I usually start using my 175 grit wheel. Typically after grinding
the edge, I start the bevel at 45 degrees and grind the stone while
twirling, gradually increasing the angle toward the center of the
stone until only a third of the top of the stone remains.
Then, after cleaning my equipment and my stone thoroughly, I’ll
switch to 325 grit. I’ll do a fast twirl from the edge to the nearly
the top of the stone. I’ll then start rocking the stone from edge to
center to edge, twirling as I go, to round the top.
When I look at what I just did under 10X magnification, however, I
see a bunch of lines, so I’ll do another twirl from edge to top.
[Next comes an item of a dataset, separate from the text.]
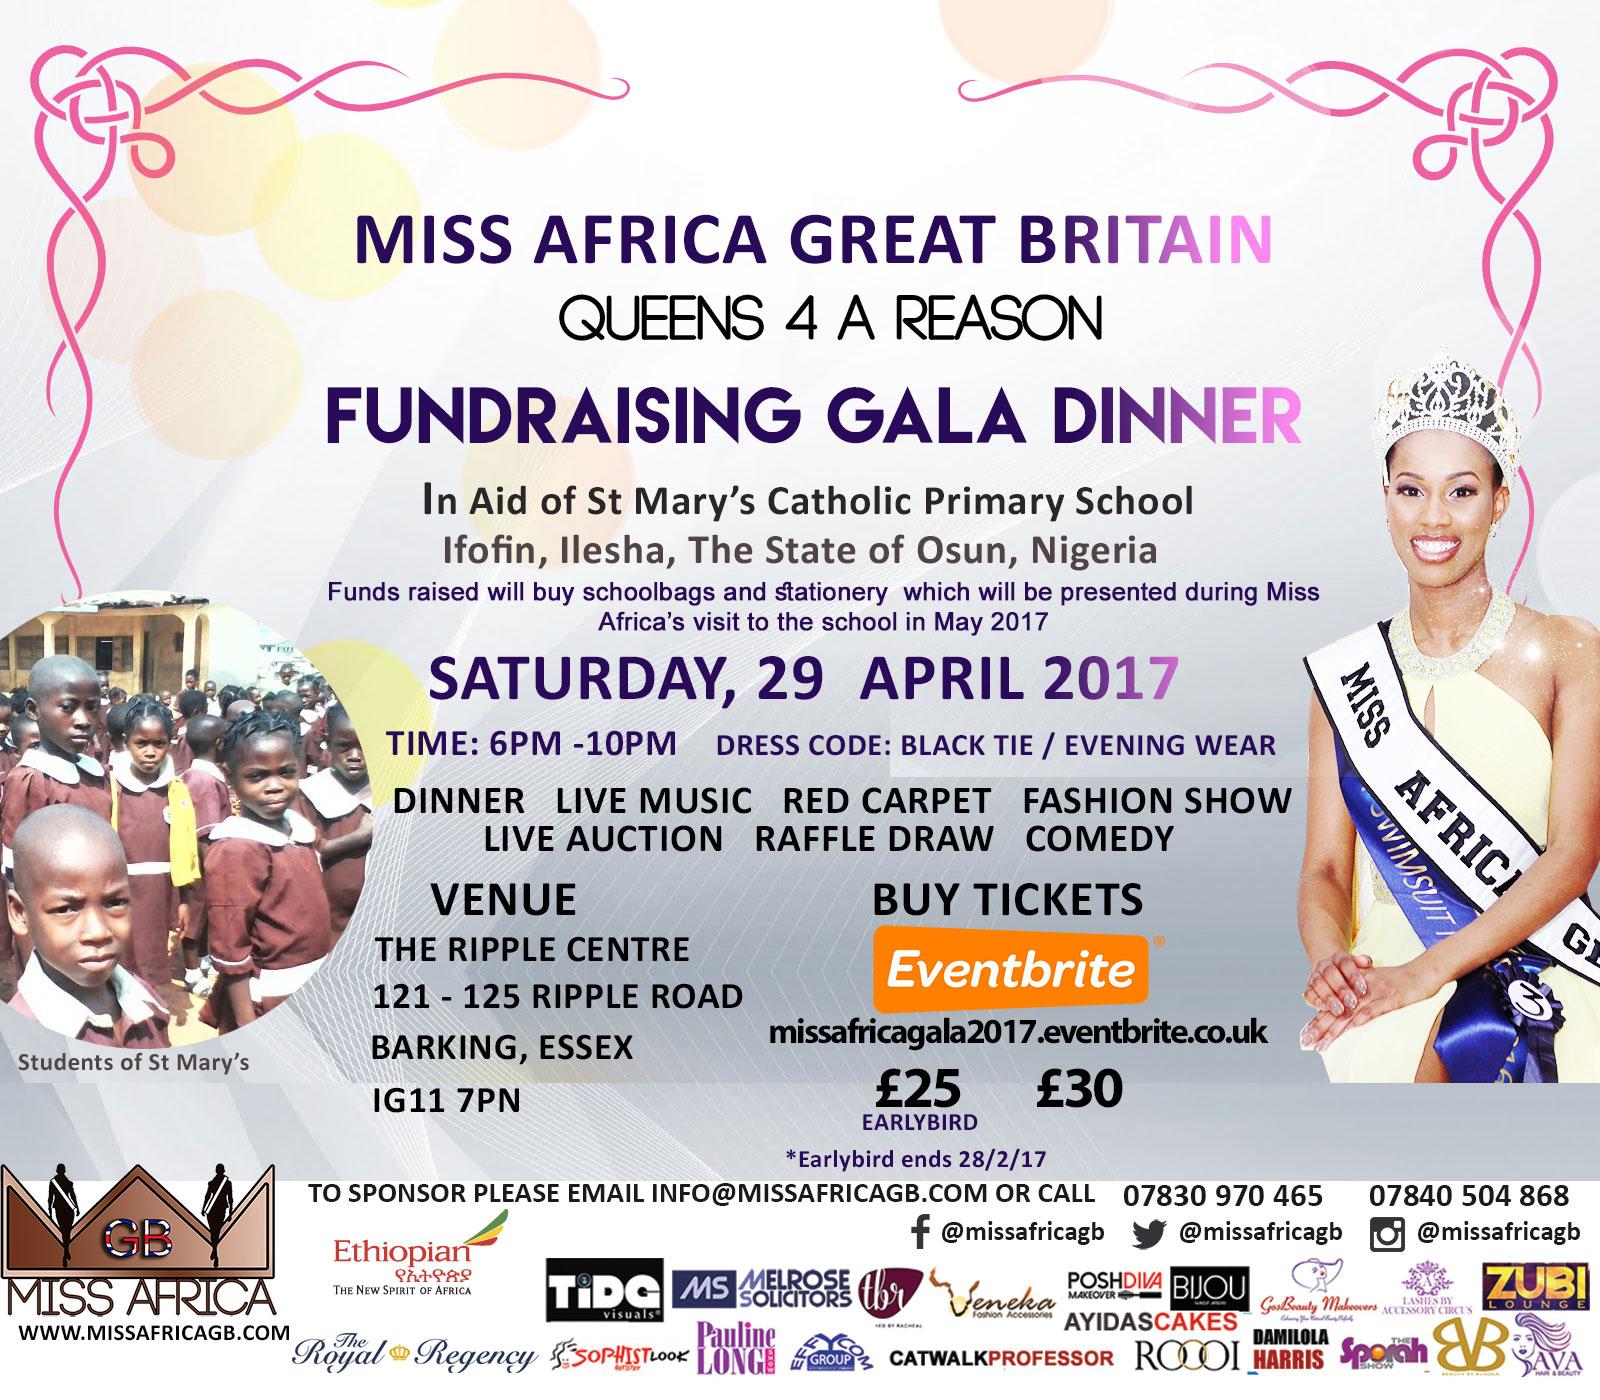 MISS AFRICA GREAT BRITAIN 2017 FUNDRAISER

This
breaks up the lines into what appear facets roughly evenly coating
the stone like a compound eye from a bee or fly.
I repeat this at my next disk, which is 600 grit, and the result
from this is that the stone is now covered by a whole bunch more
smaller pits.
The book (P. Downing) seems to say that I have to be able to
completely get rid of all scratches, pits, and lines for each grit as
seen under 10X magnification, before I dare go to the next grit.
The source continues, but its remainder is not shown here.